(Beginning of MATERIAL SHOWN)

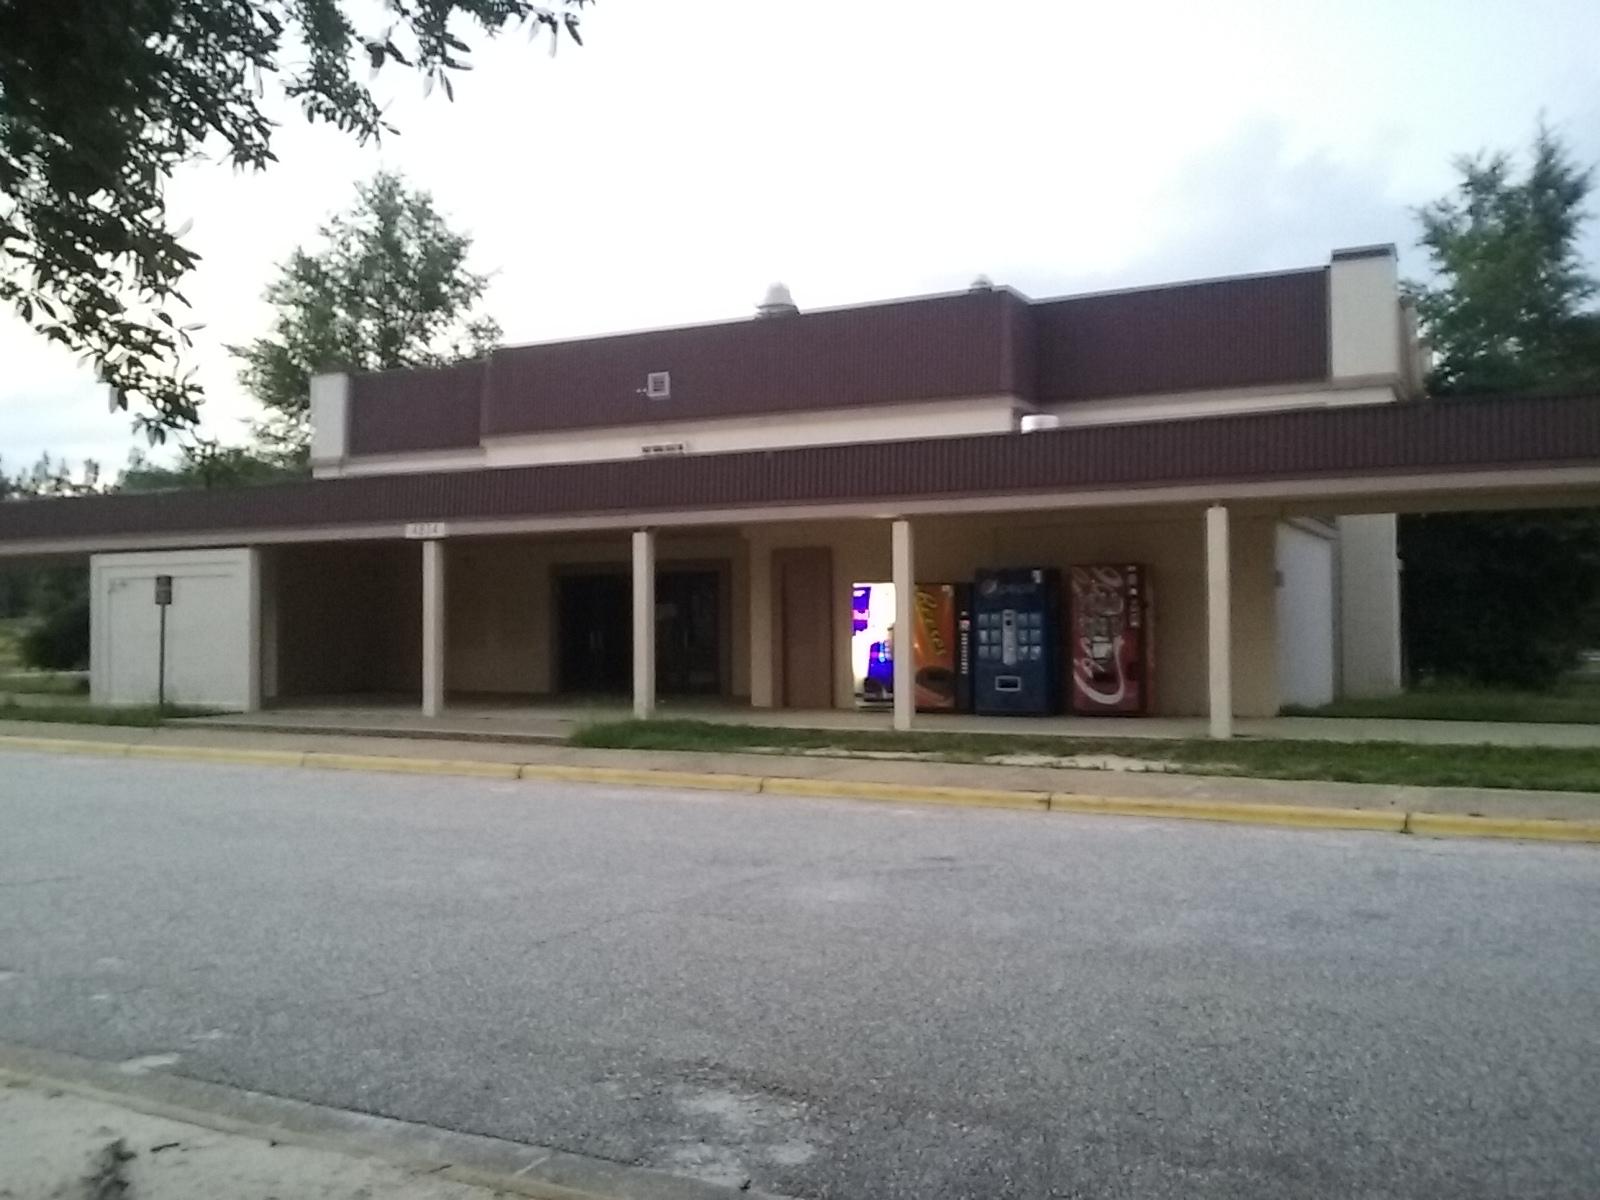 York Theater
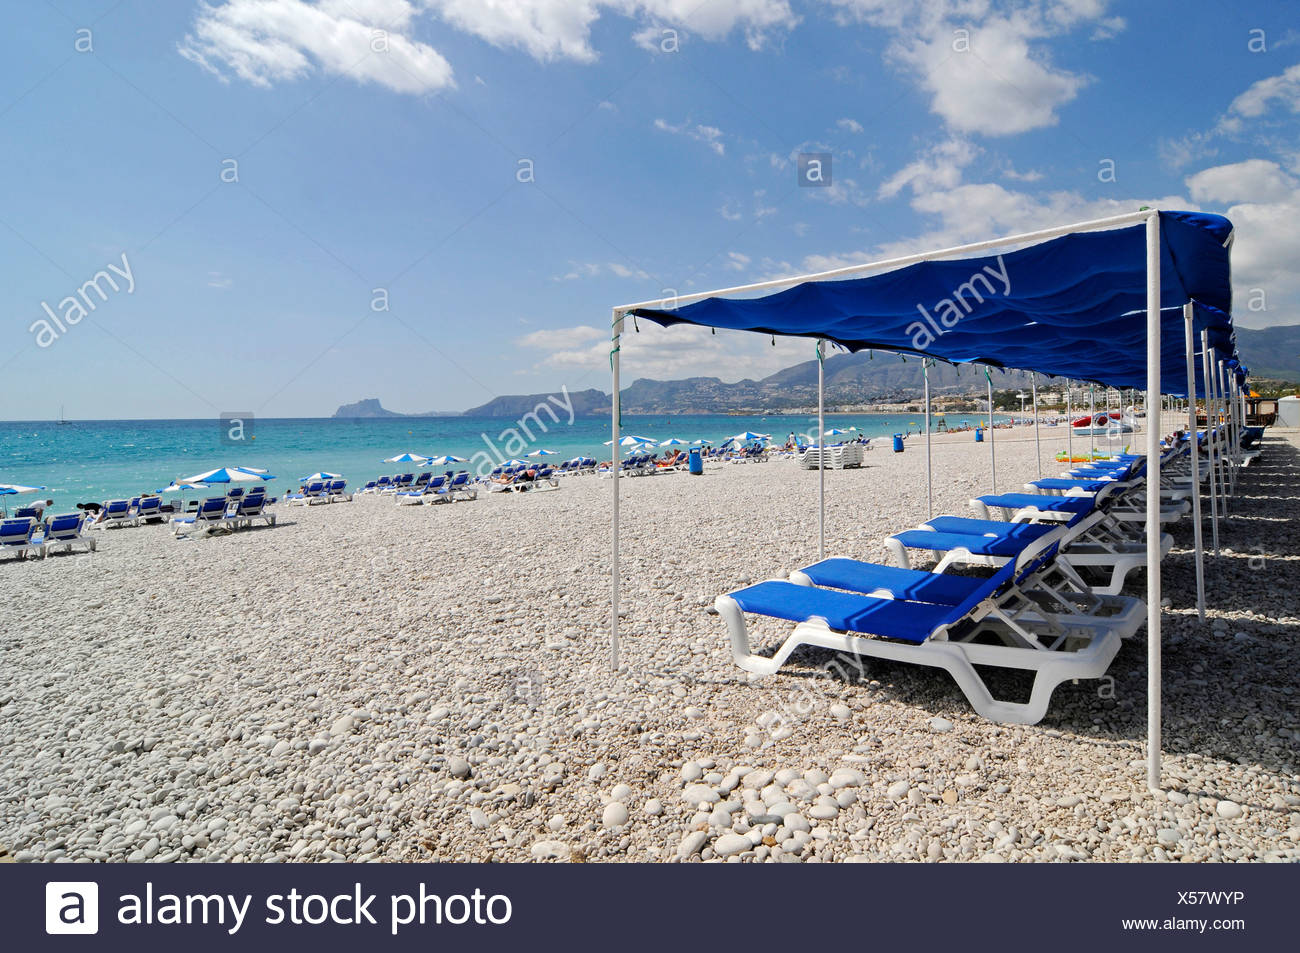 Empty blue chairs, umbrellas, pebble beach, Albir, Altea, Costa Blanca, Alicante, Spain, Europe Stock Photo
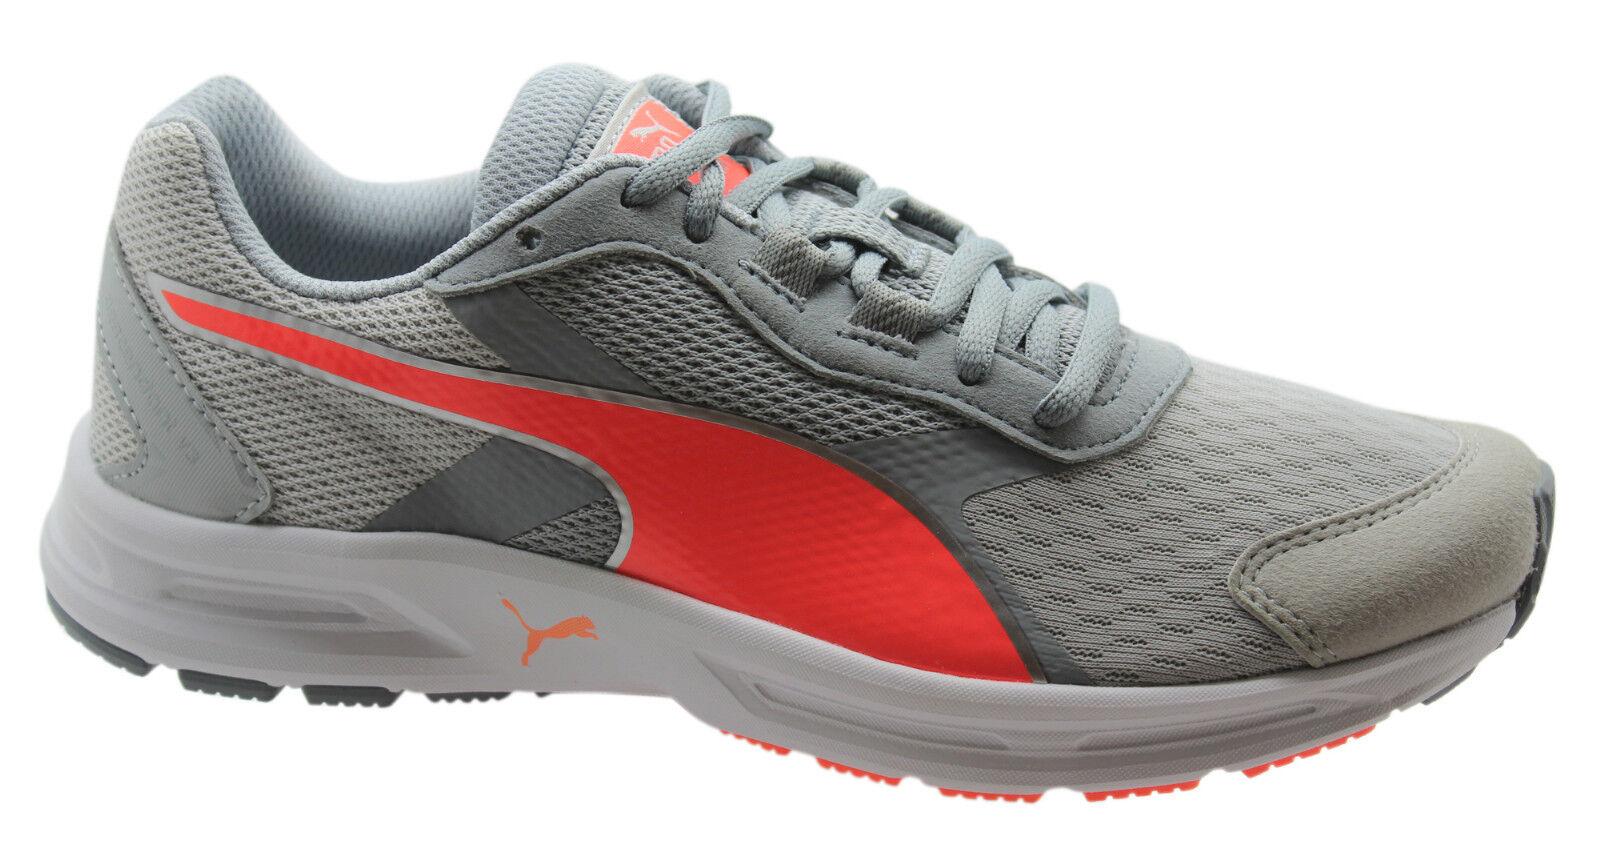 5b12b515592d Puma Descendant V3 Womens Trainers Running Shoes Grey Lace Up 188166 ...
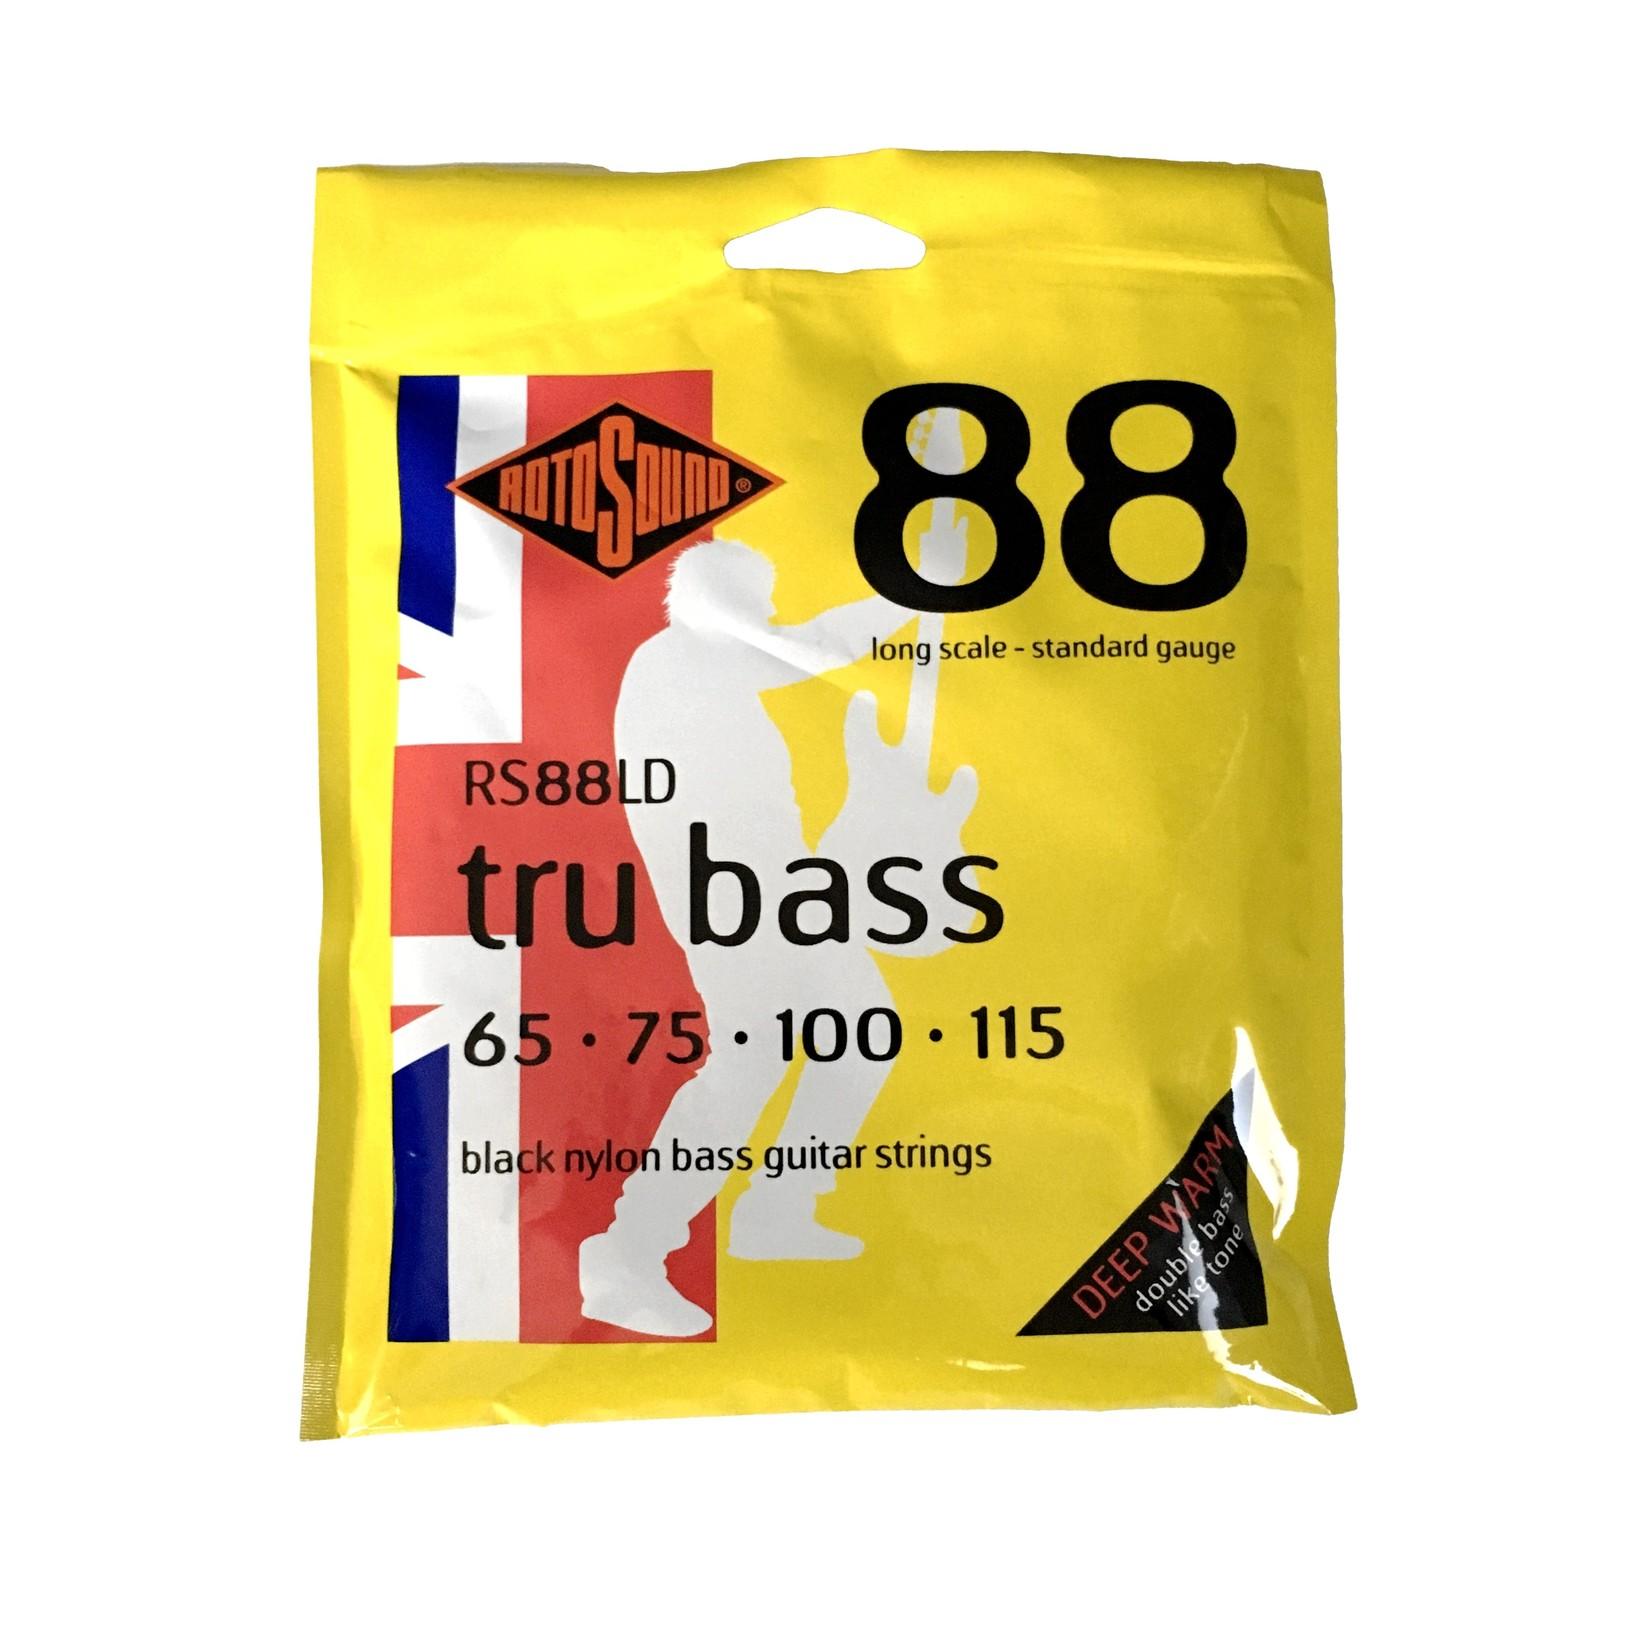 Rotosound Rotosound RS88LD 88 Tru Bass Black Nylon Bass Guitar Strings
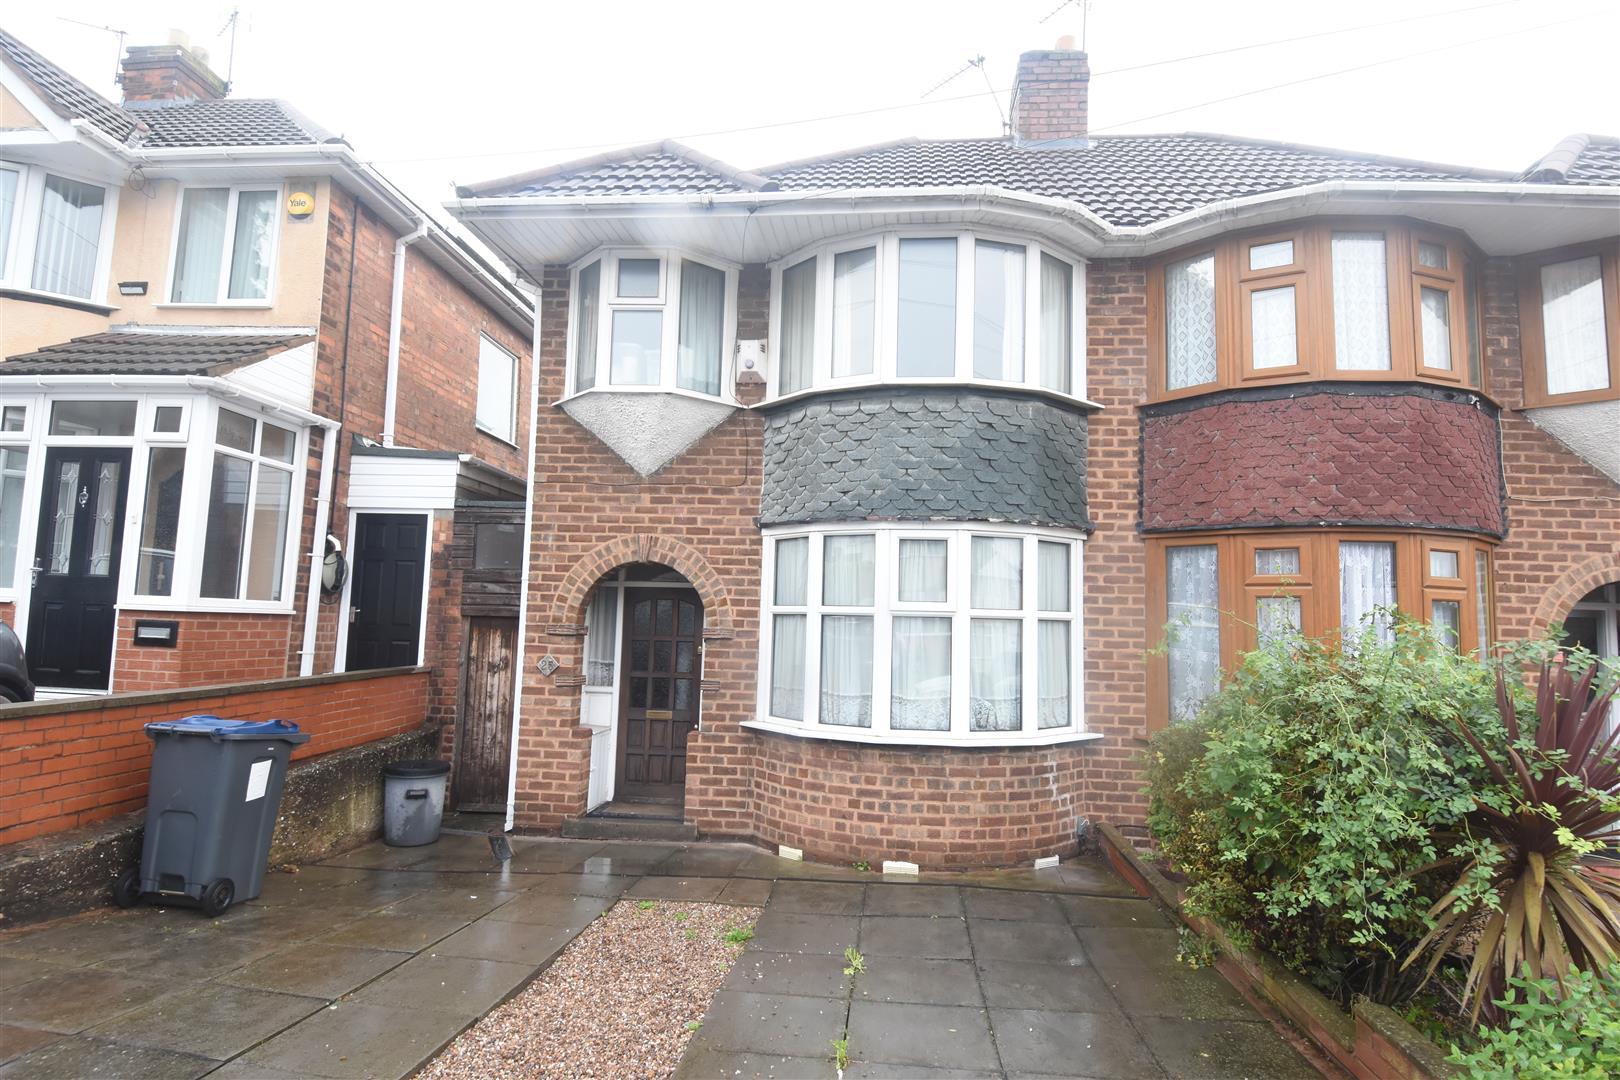 3 bed house for sale in Haycroft Avenue, Birmingham, B8

(End of MATERIAL SHOWN)

• [BRIEF]: Starting with the line that contains "Rotosound Rotosound RS88LD", repeat each line exactly through the last line of the data above, and nothing more; the pictures stay out.

• [ANSWER TO THIS TASK]:
 Rotosound Rotosound RS88LD 88 Tru Bass Black Nylon Bass Guitar Strings
 3 bed house for sale in Haycroft Avenue, Birmingham, B8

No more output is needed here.